BASTILLE

Prononciation : ba-sti-ll', ll mouillées, et non ba-stiye
Nature : s. f.

1Dans l'art militaire féodal, ouvrages élevés à l'effet d'assiéger ou de fortifier une place. 2Château fort construit à Paris sous Charles V et Charles VI, et démoli par le peuple en 1789. La Bastille servait de prison d'État. Voltaire fut mis à la Bastille. Fig. Il ne branle non plus que la bastille, se dit de celui qui ne bouge pas, bien qu'on l'appelle, et aussi de celui qui est ferme et inébranlable. Par extension, toute espèce de prison.

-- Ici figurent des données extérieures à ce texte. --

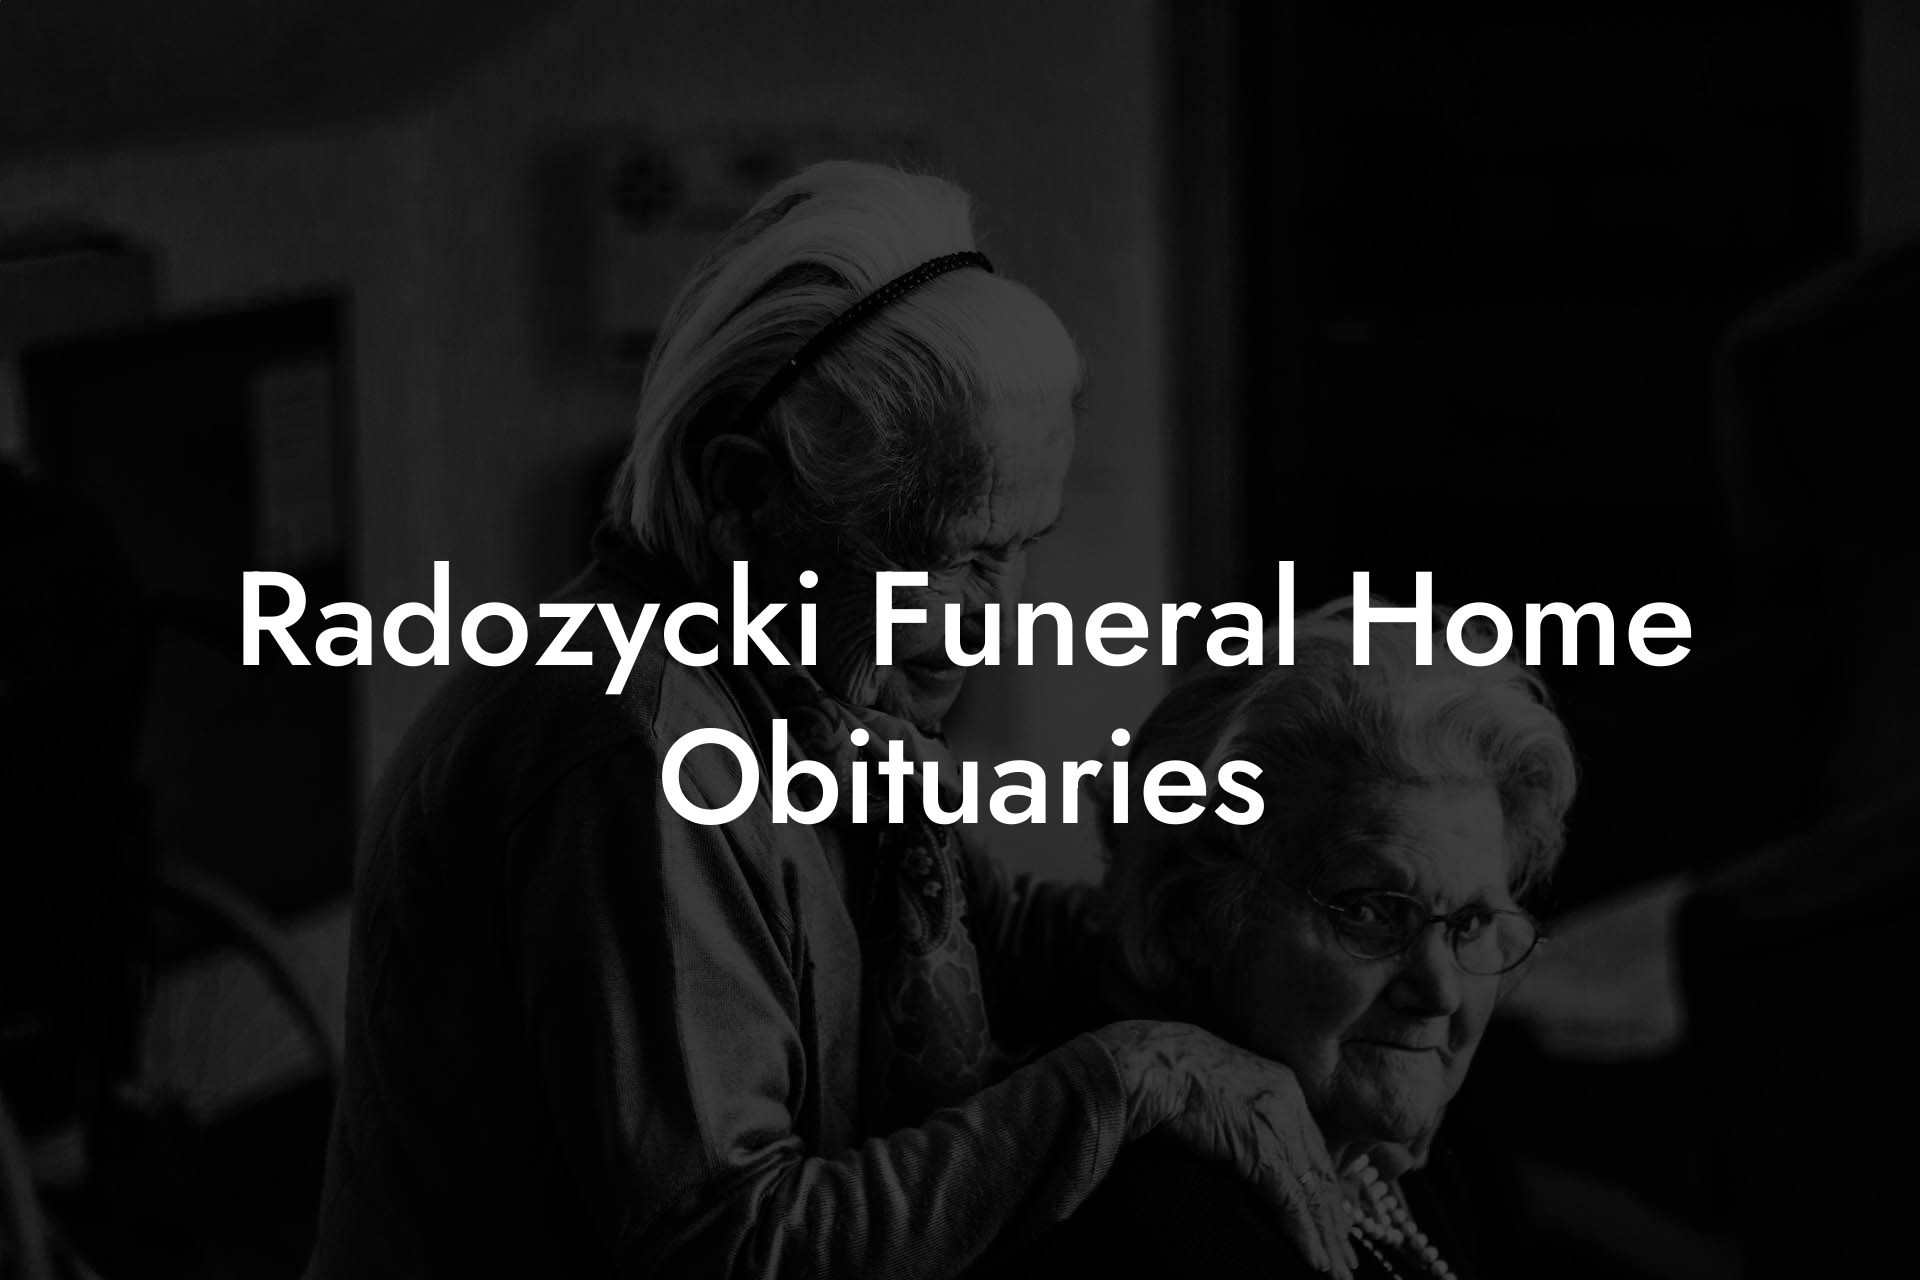 Radozycki Funeral Home Obituaries
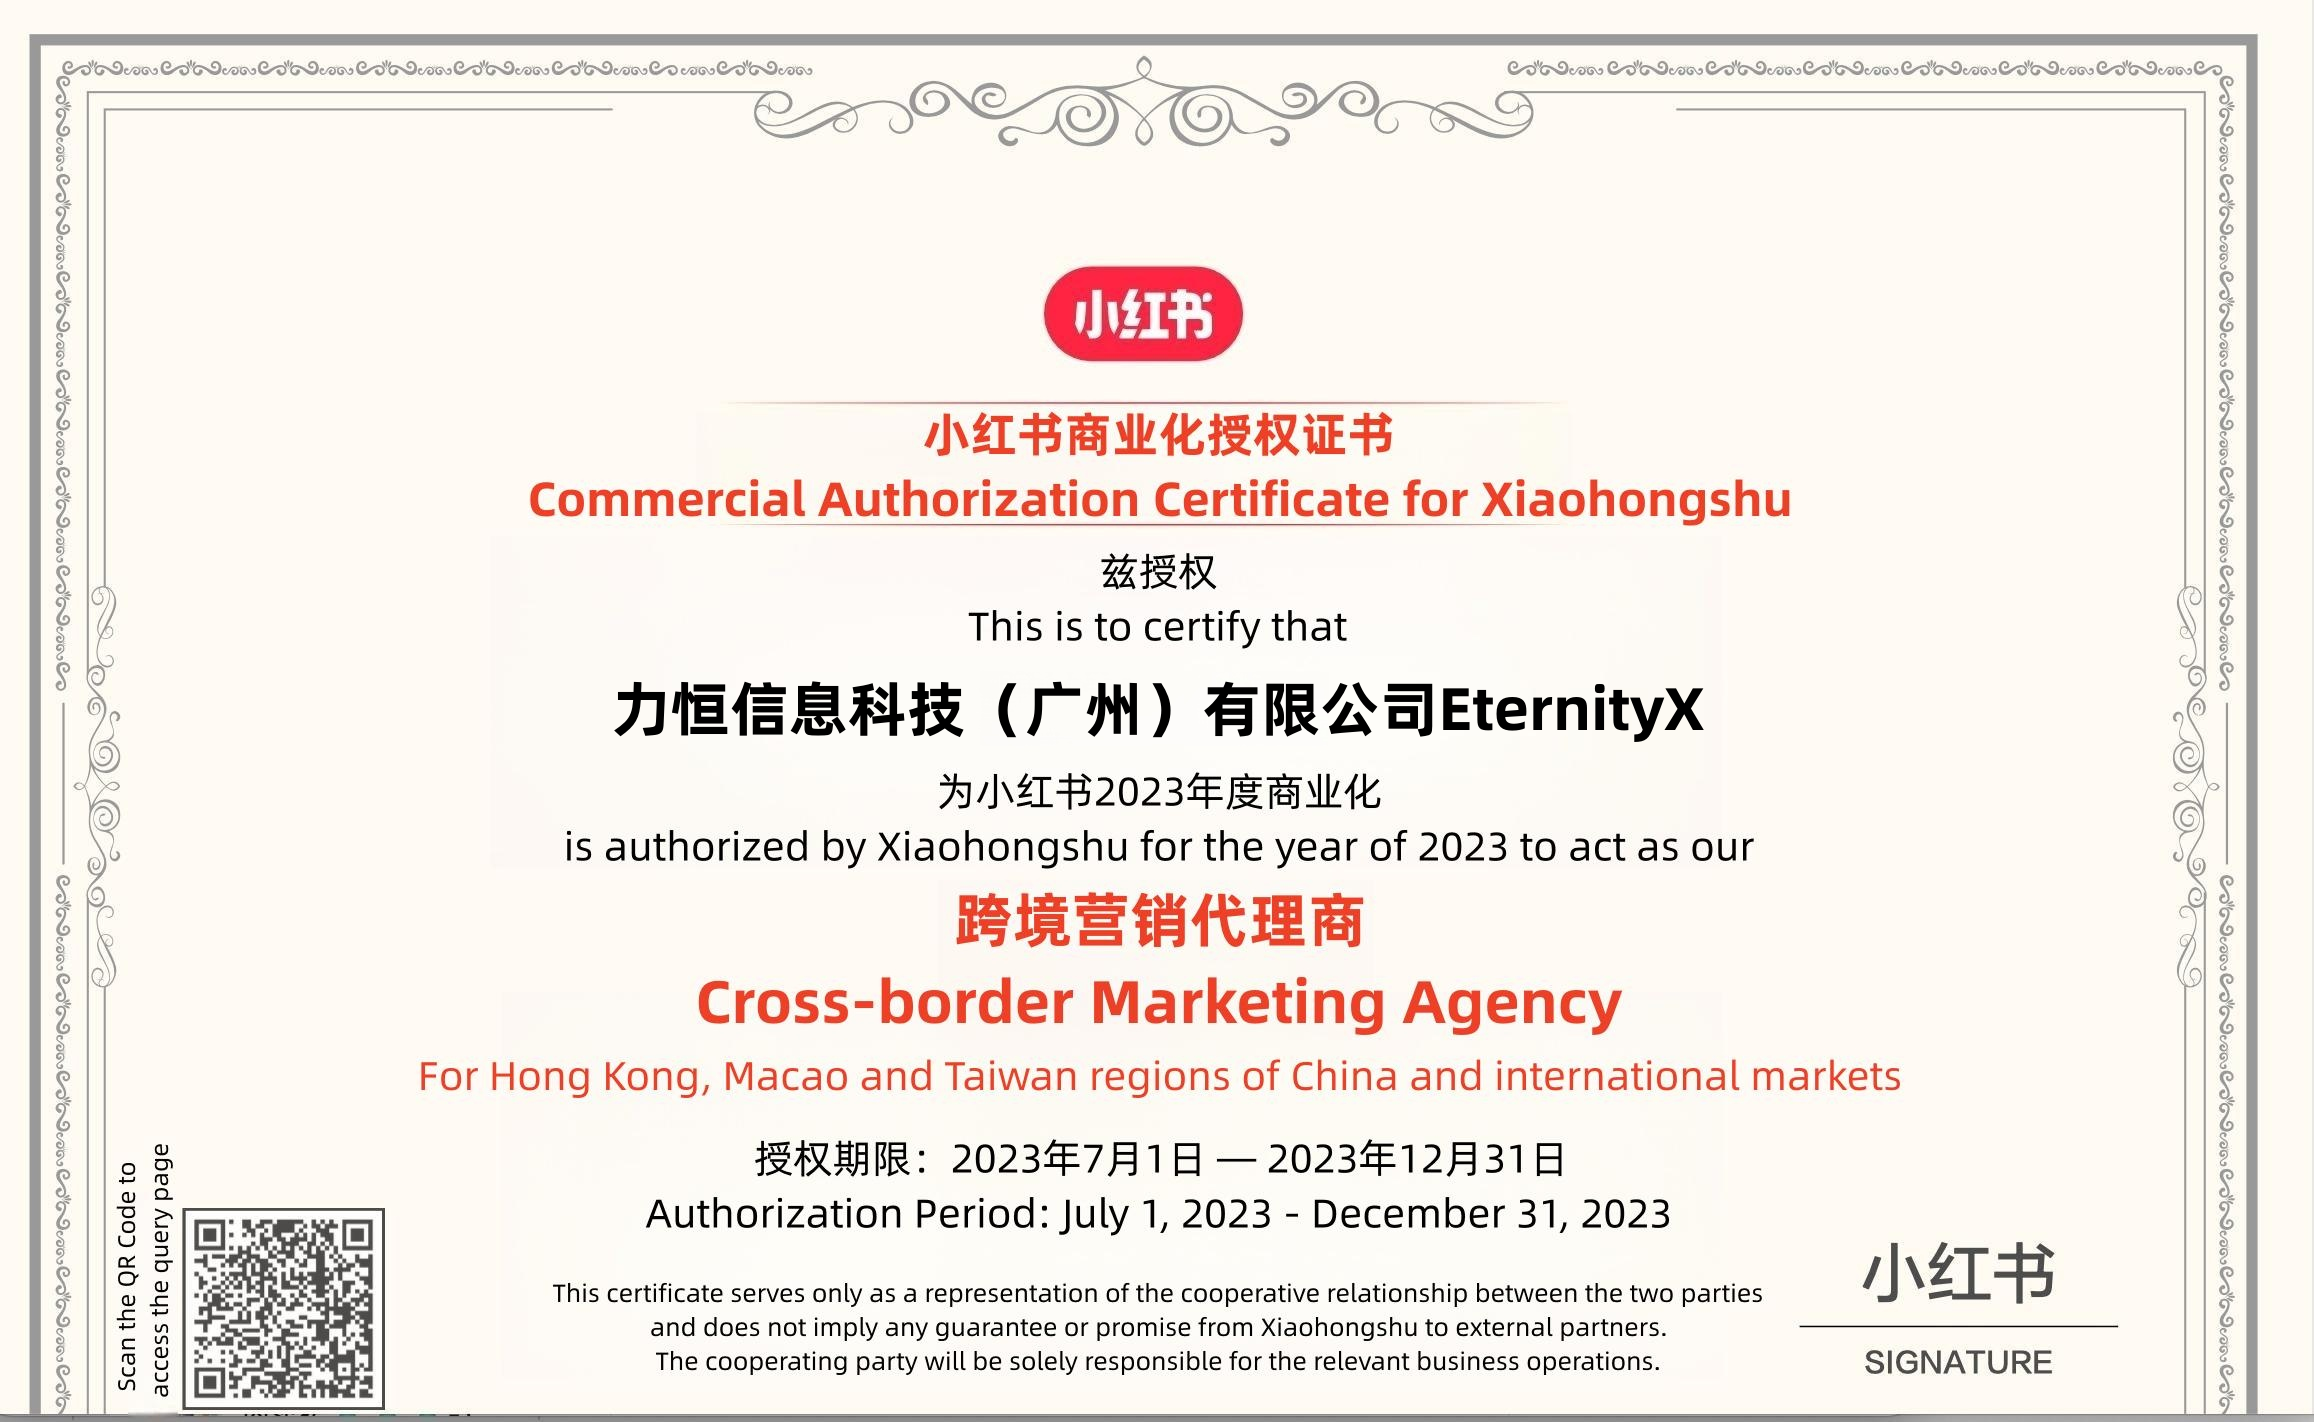 Xiaohongshu's cross-border marketing agency certificate

Ô sainte égalité ! dissipe nos ténèbres, Renverse les verrous, les bastilles funèbres , A. CHÉNIER , 240
Dans une de nos cent bastilles Lorsque ma muse emménagea , BÉRANG. , Amitié.
XVe s.
L'an 1408 fut mis le siege à Orleans par le comte de Sallebery, et y mist les bastilles du costé de la Beausse , A. CHARTIER , Hist. de Charles VII, p. 64
Paravant la bastille ou siege mis, ung an a, devant la place de Chalès occuppée par les Anglois , DU CANGE , bastillus.
Bas-lat. bastile, bastillus, de bastire (voy. BÂTIR).